High-Resolution Real Geography
- 1.5° x 1.5° horizontal resolution (21,600 grid columns)
- 5.7 billion total samples (41.2 TB)
- 102 MB per input file, 61 MB per output file
Low-Resolution Real Geography
- 11.5° x 11.5° horizontal resolution (384 grid columns)
- 100 million total samples (744 GB)
- 1.9 MB per input file, 1.1 MB per output file
Low-Resolution Aquaplanet
- 11.5° x 11.5° horizontal resolution (384 grid columns)
- 100 million total samples (744 GB)
- 1.9 MB per input file, 1.1 MB per output file

Scalar variables vary in time and horizontal space ("ncol"), while vertically-resolved variables vary additionally in vertical space ("lev"). The full list of variables can be found in Supplmentary Information Table 1. The subset of variables used in our experiments is shown below:

Input	Target	Variable	Description	Units	Dimensions
X		T	Air temperature	K	(lev, ncol)
X		q	Specific humidity	kg/kg	(lev, ncol)
X		PS	Surface pressure	Pa	(ncol)
X		SOLIN	Solar insolation	W/m²	(ncol)
X		LHFLX	Surface latent heat flux	W/m²	(ncol)
X		SHFLX	Surface sensible heat flux	W/m²	(ncol)
	X	dT/dt	Heating tendency	K/s	(lev, ncol)
	X	dq/dt	Moistening tendency	kg/kg/s	(lev, ncol)
	X	NETSW	Net surface shortwave flux	W/m²	(ncol)
	X	FLWDS	Downward surface longwave flux	W/m²	(ncol)
	X	PRECSC	Snow rate	m/s	(ncol)
	X	PRECC	Rain rate	m/s	(ncol)
	X	SOLS	Visible direct solar flux	W/m²	(ncol)
	X	SOLL	Near-IR direct solar flux	W/m²	(ncol)
	X	SOLSD	Visible diffuse solar flux	W/m²	(ncol)
	X	SOLLD	Near-IR diffuse solar flux	W/m²	(ncol)

Download the Data

The input ("mli") and target ("mlo") data for all E3SM-MMF configurations can be downloaded from Hugging Face:

Preprocess the Data

The default preprocessing workflow takes folders of monthly data from the climate model simulations, and creates normalized NumPy arrays for input and target data for training, validation, and scoring. These NumPy arrays are called train_input.npy, train_target.npy, val_input.npy, val_target.npy, scoring_input.npy, and scoring_target.npy. An option to strictly use a data loader and avoid converting into NumPy arrays is available in data_utils.py; however, this can slow down training because of increased I/O.

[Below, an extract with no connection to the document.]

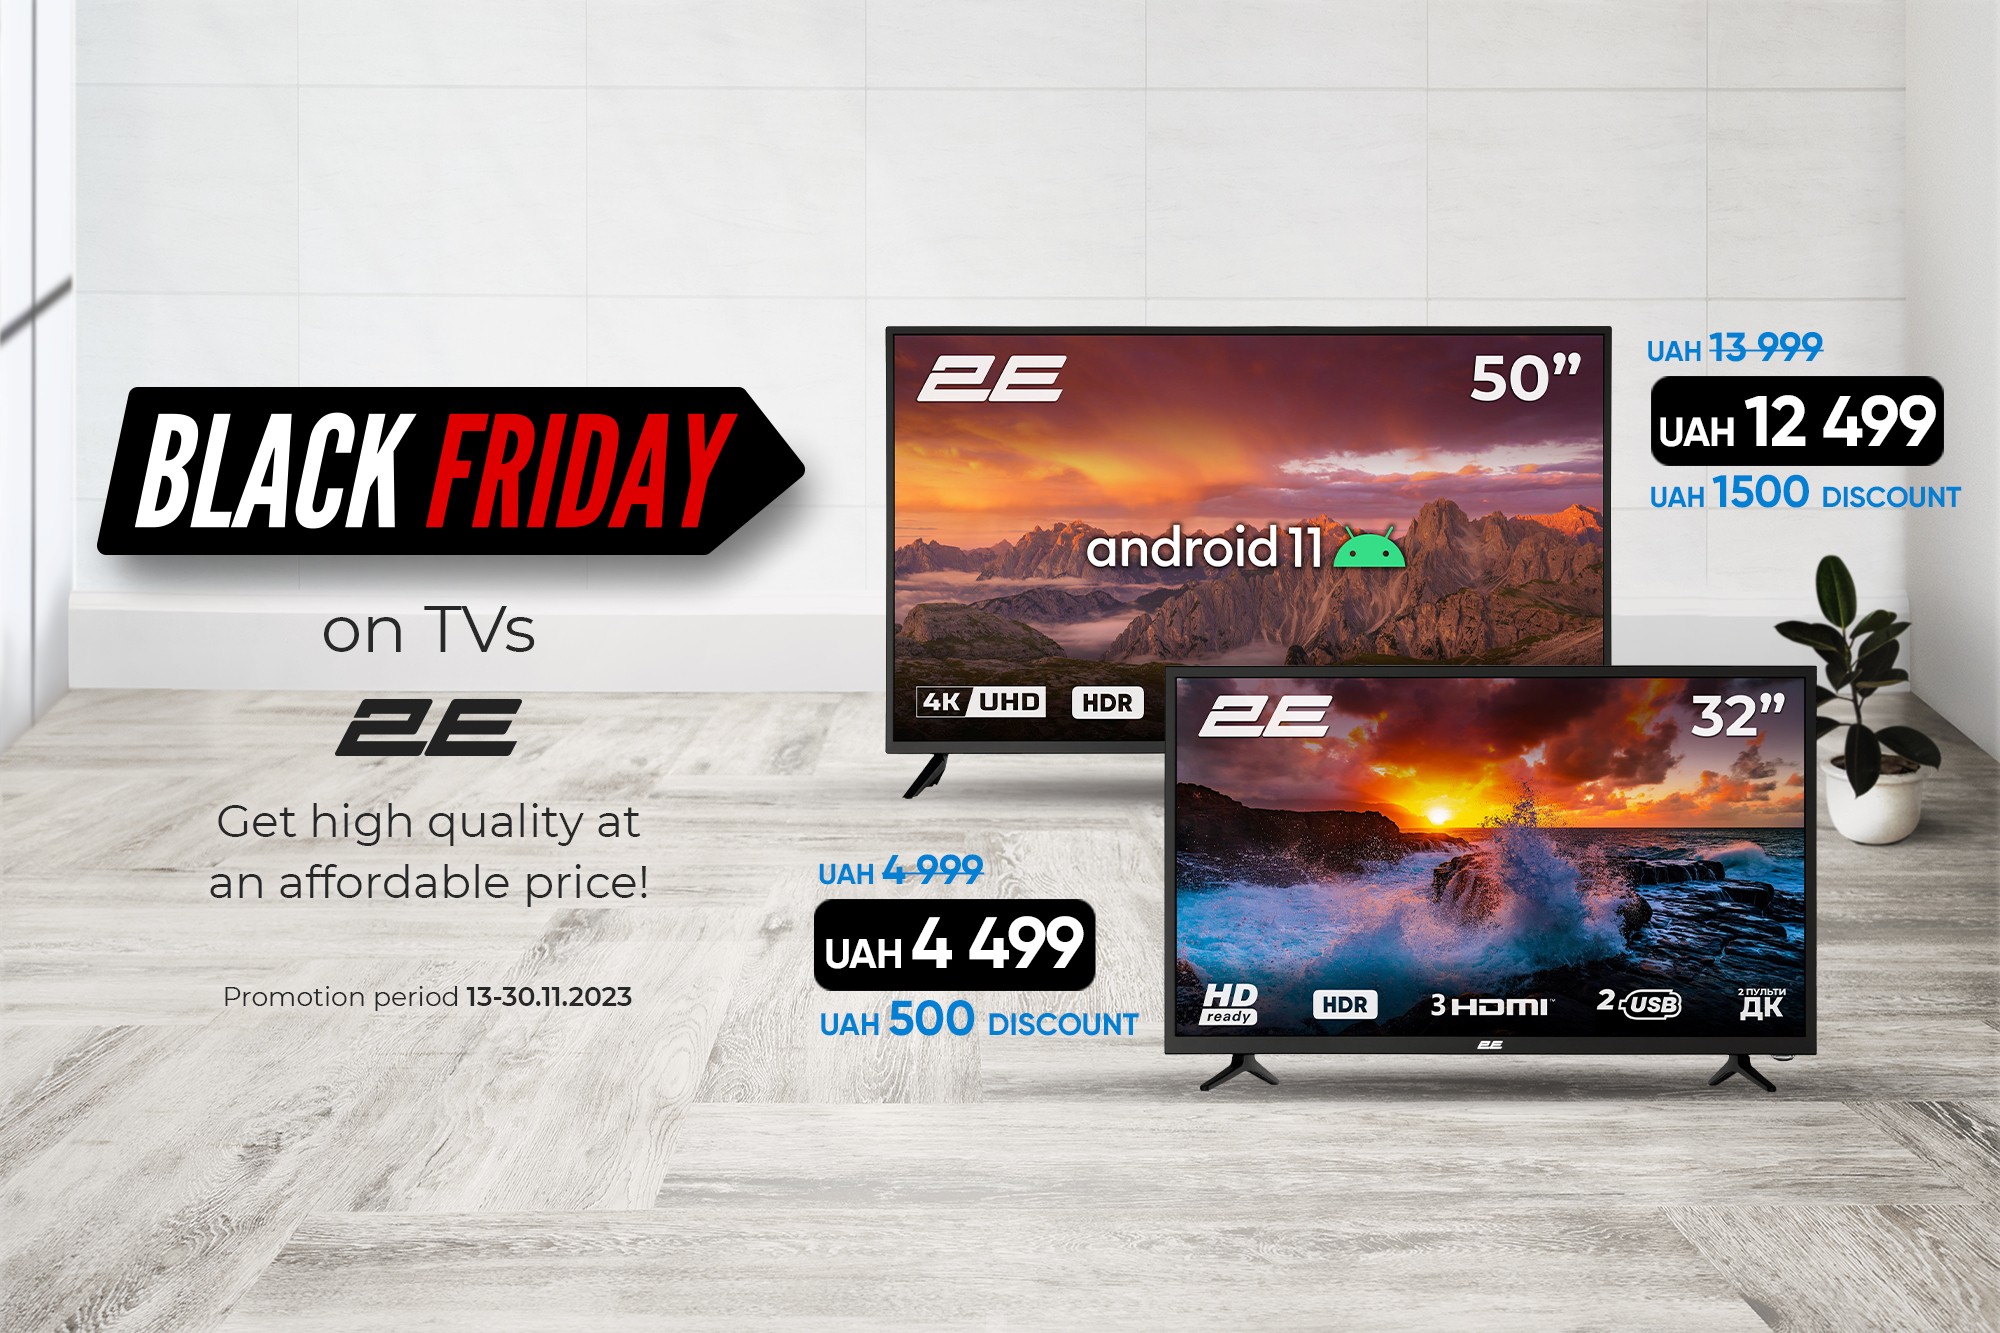 Black Friday on 2E TVs: get quality at an affordable price!

The data comes in the form of folders labeled YYYY-MM, which corresponds to the simulation year (YYYY) and month (MM). Within each of these folders are netCDF (.nc) files that represent inputs and targets for individual timesteps. Input files are labeled E3SM-MMF.mli.YYYY-MM-DD-SSSSS.nc where DD-SSSSS corresponds to the day of the month (DD) and seconds of the day (SSSSS), with timesteps being spaced 1,200 seconds (20 minutes) apart. Target files are labeled the same way, except mli is replaced by mlo. For vertically-resolved variables, lower indices corresponds to higher levels in the atmosphere. This is because pressure decreases monotonically with altitude.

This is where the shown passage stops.